▶ What the task requires
Only the lines from the one containing "Der TONLINGE-Podcast –" through the last line below belong in your copy; transcribe them exactly and omit any pictures.

▶ Information shown
++++++

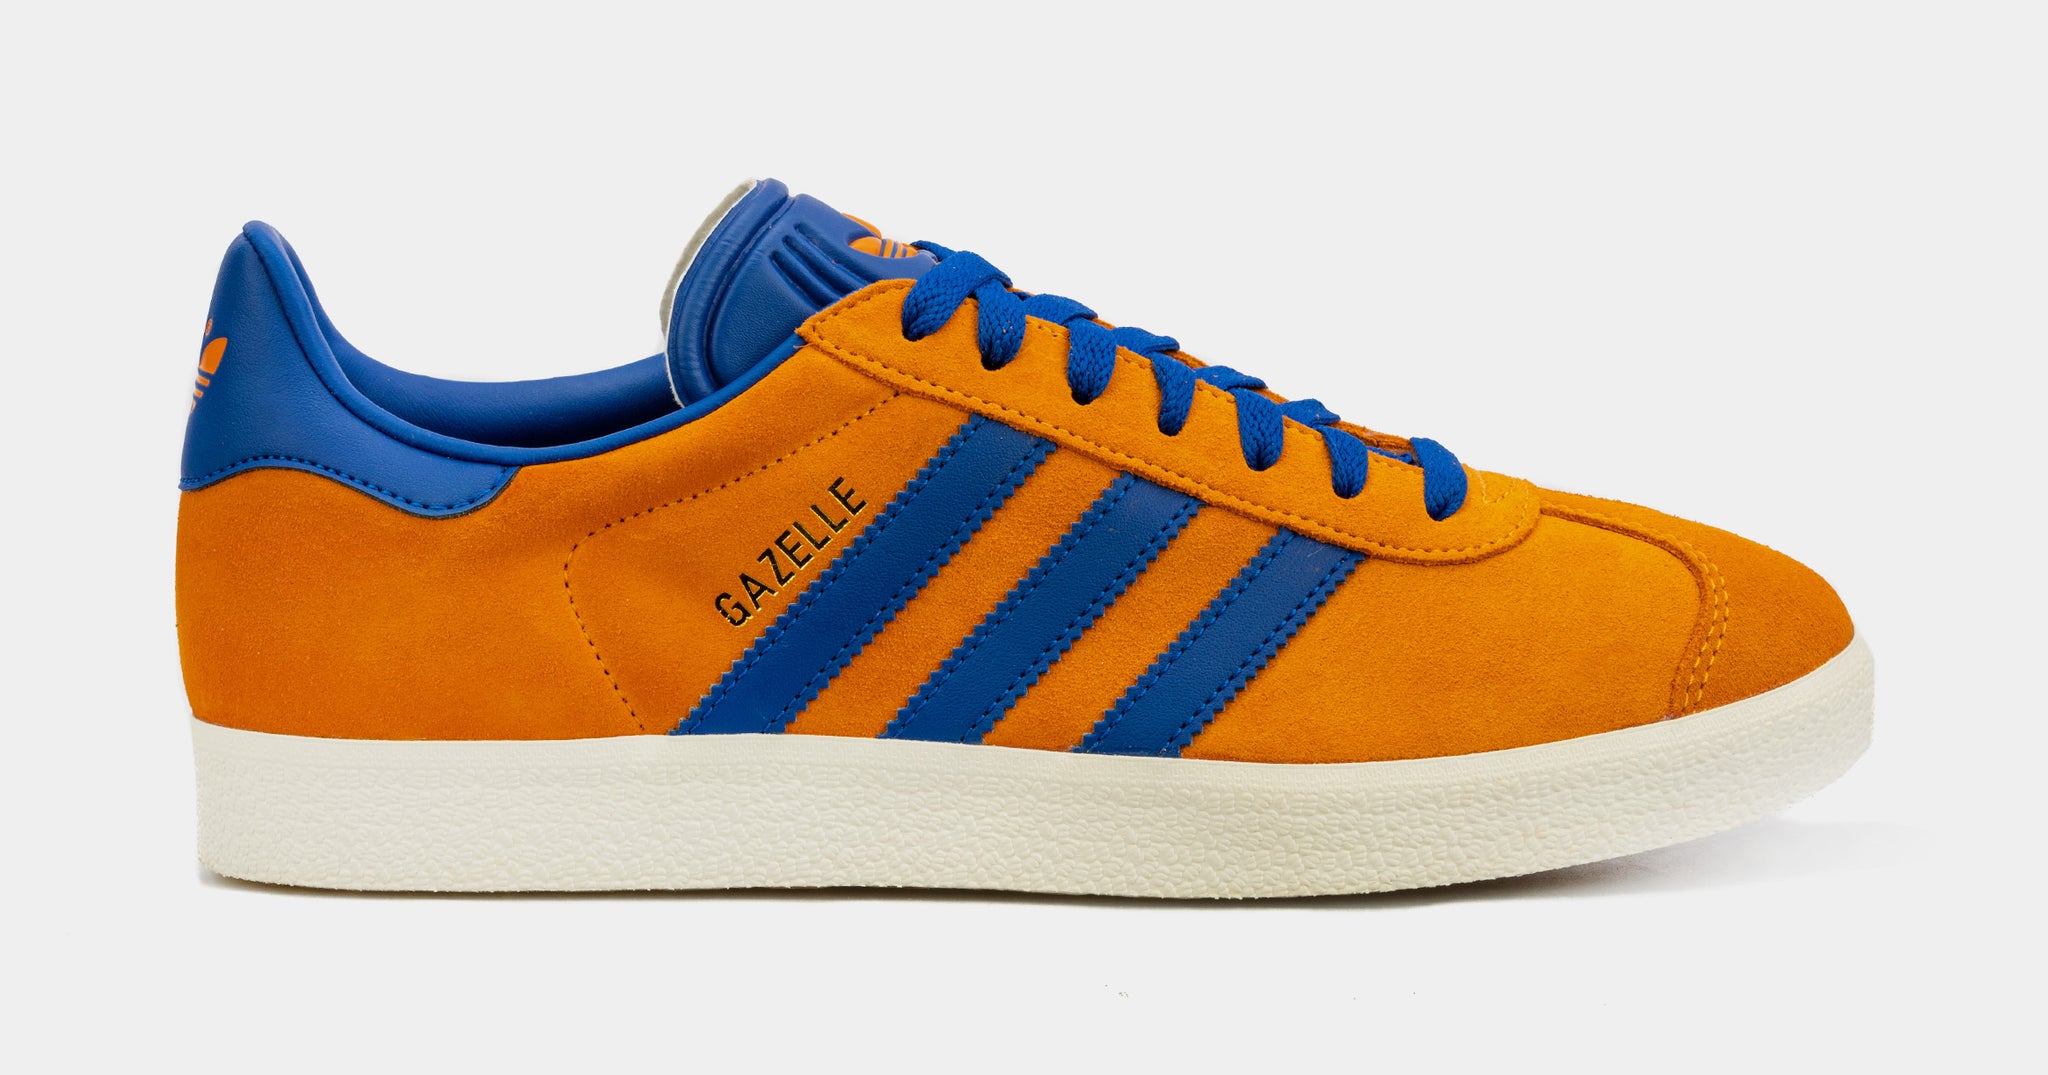 Palace Orange adidas Shoes Shoe Mens GY7374 – Gazelle Lifestyle Blue
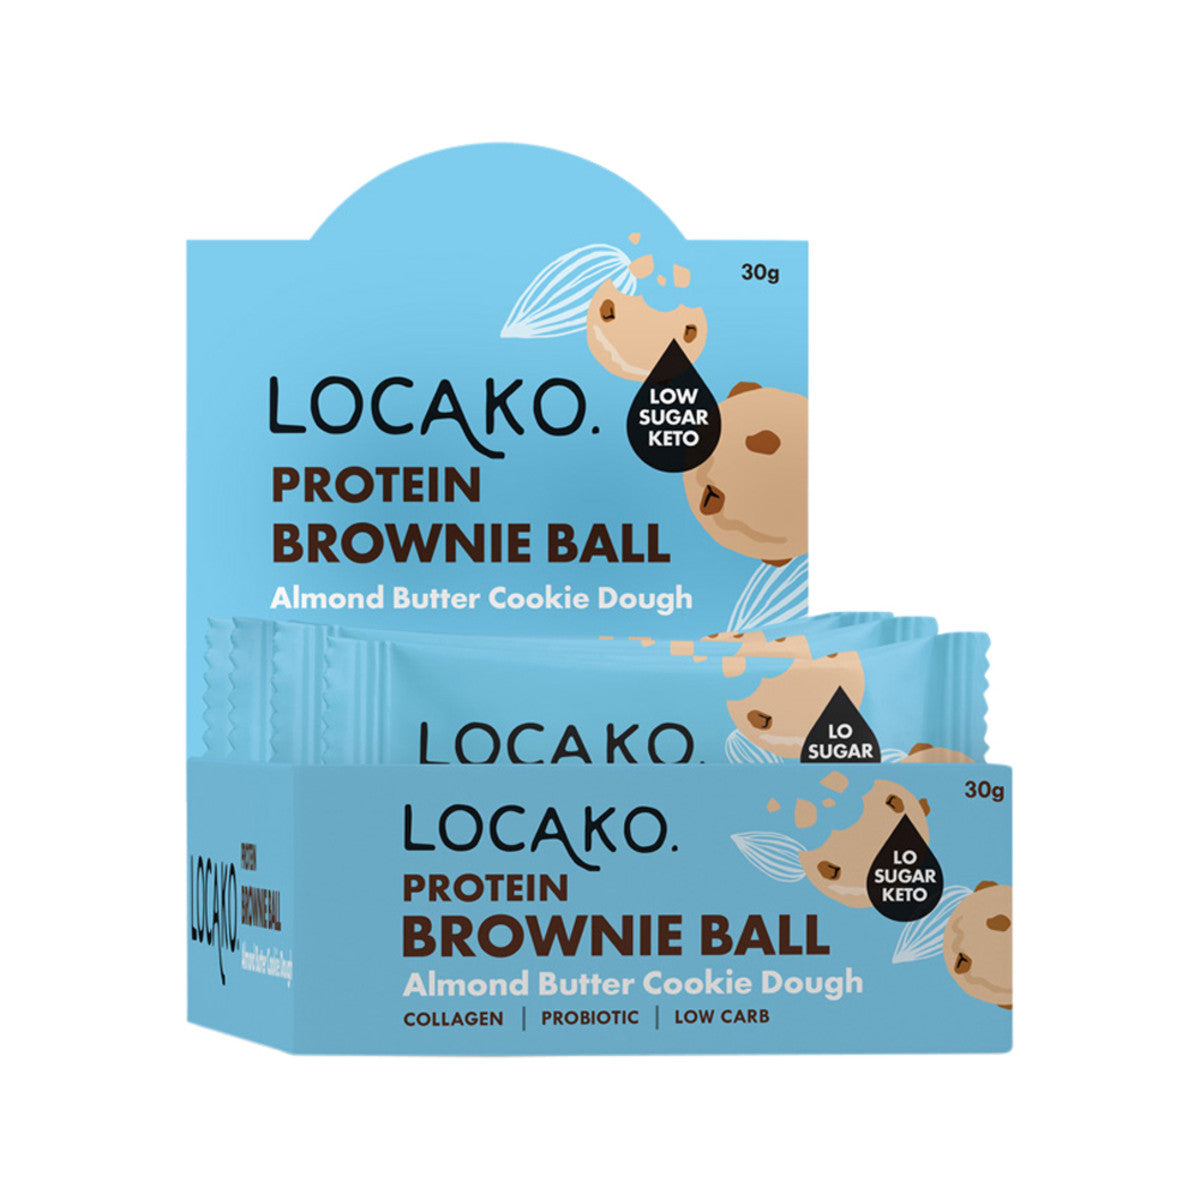 Locako Brown Ball Prot Almond Butter Cookie Dough 30g x 10 Disp
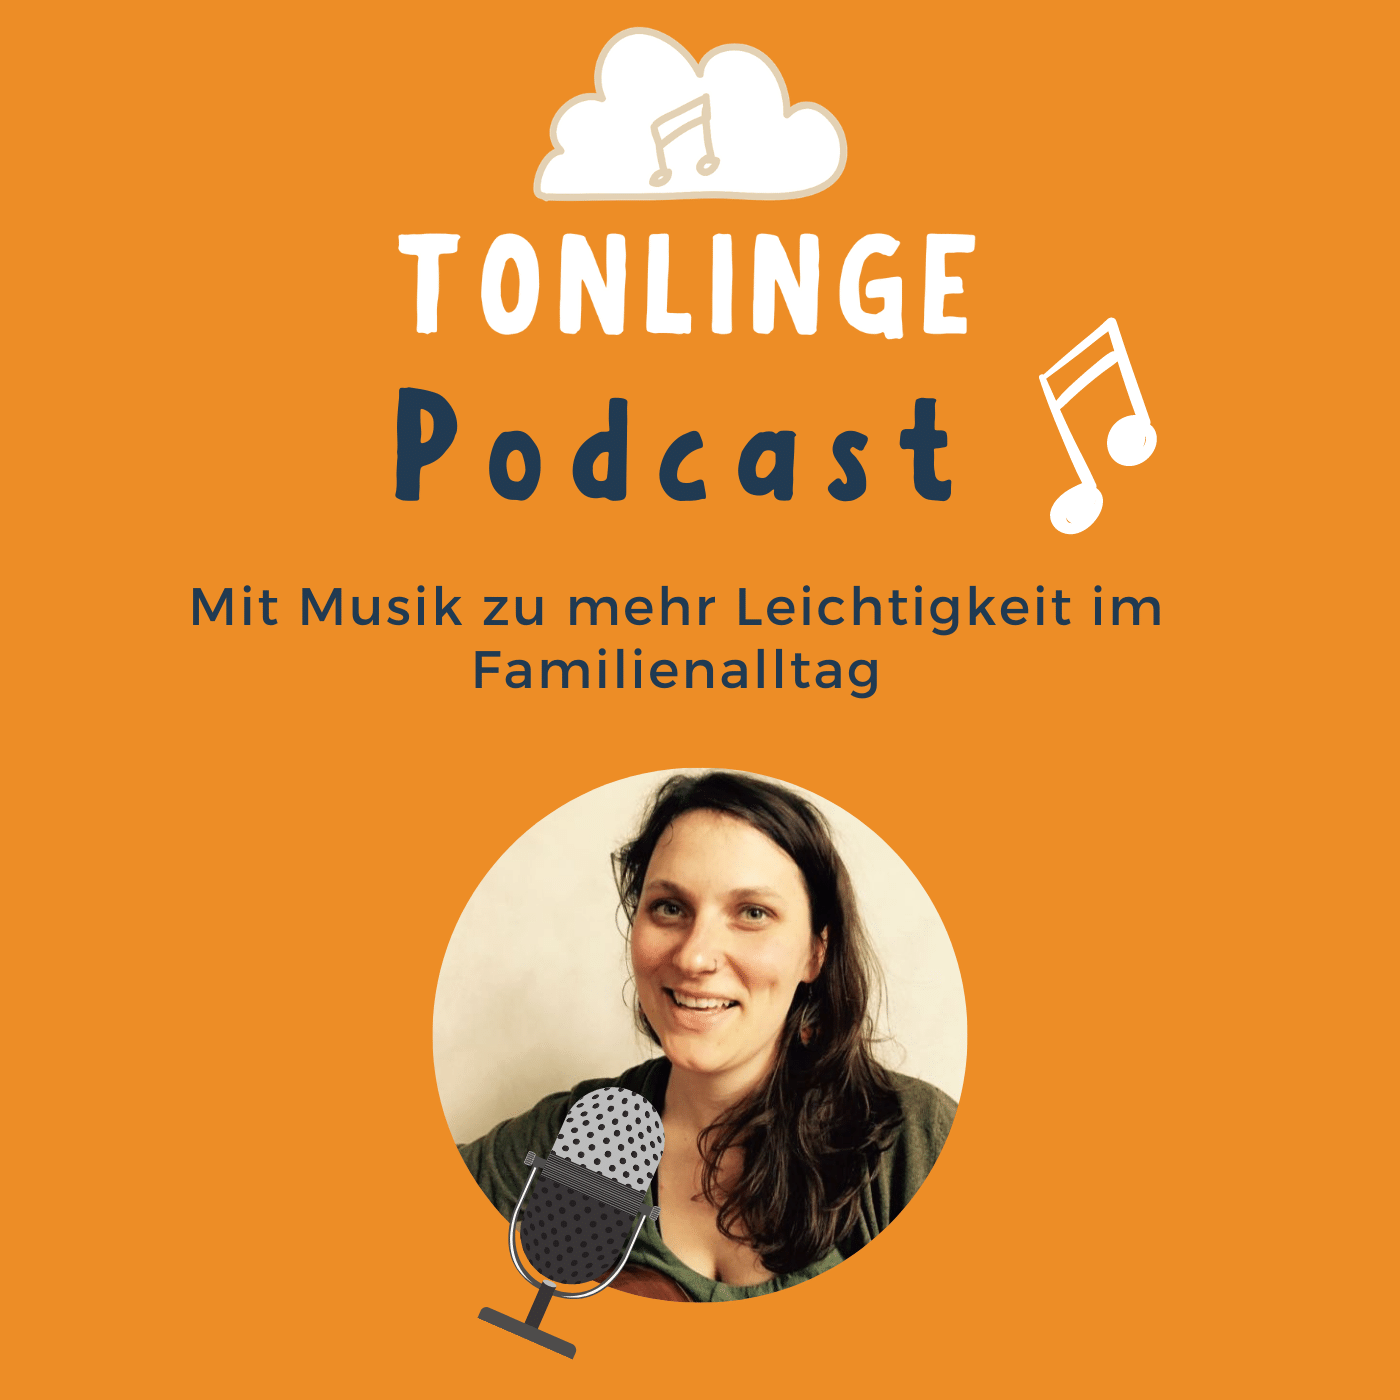 Der TONLINGE-Podcast – mit Musik zu mehr Leichtigkeit im Familienalltag
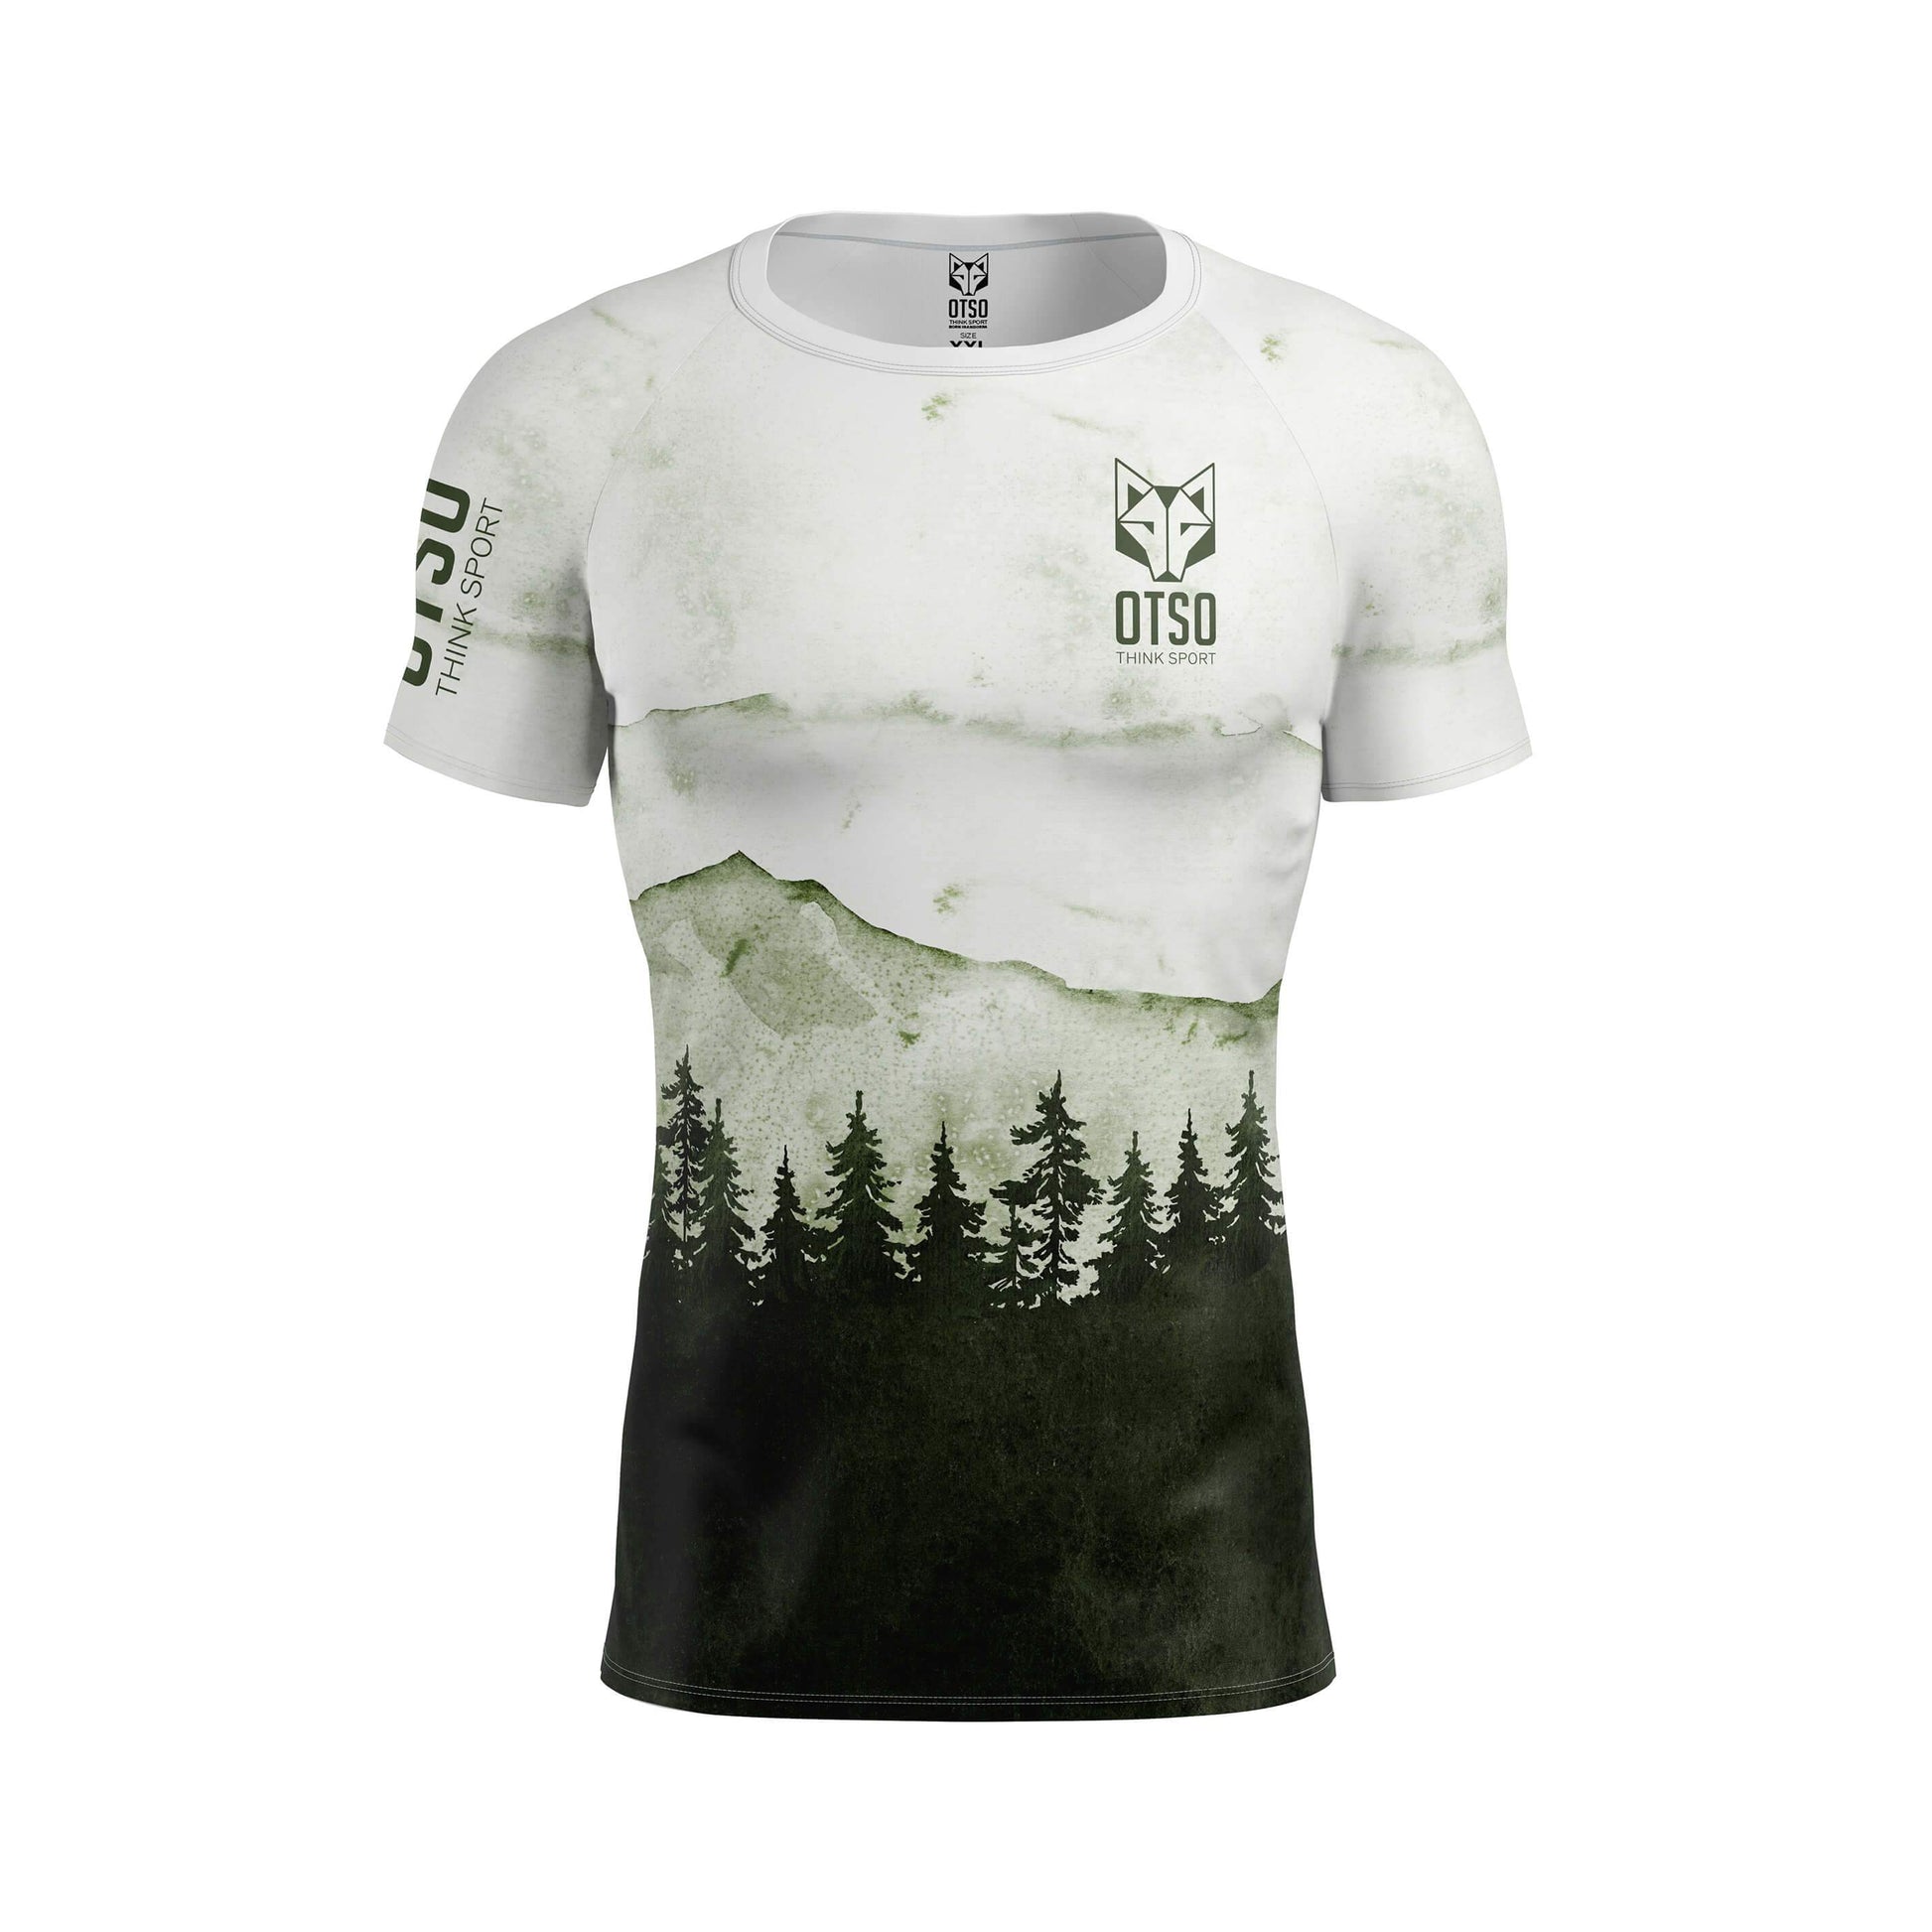 Camiseta de manga corta para hombre de la marca Otso con estampado Green Forest. Foto delantera

++++++

▶ The answer
 Der TONLINGE-Podcast – mit Musik zu mehr Leichtigkeit im Familienalltag
 Camiseta de manga corta para hombre de la marca Otso con estampado Green Forest. Foto delantera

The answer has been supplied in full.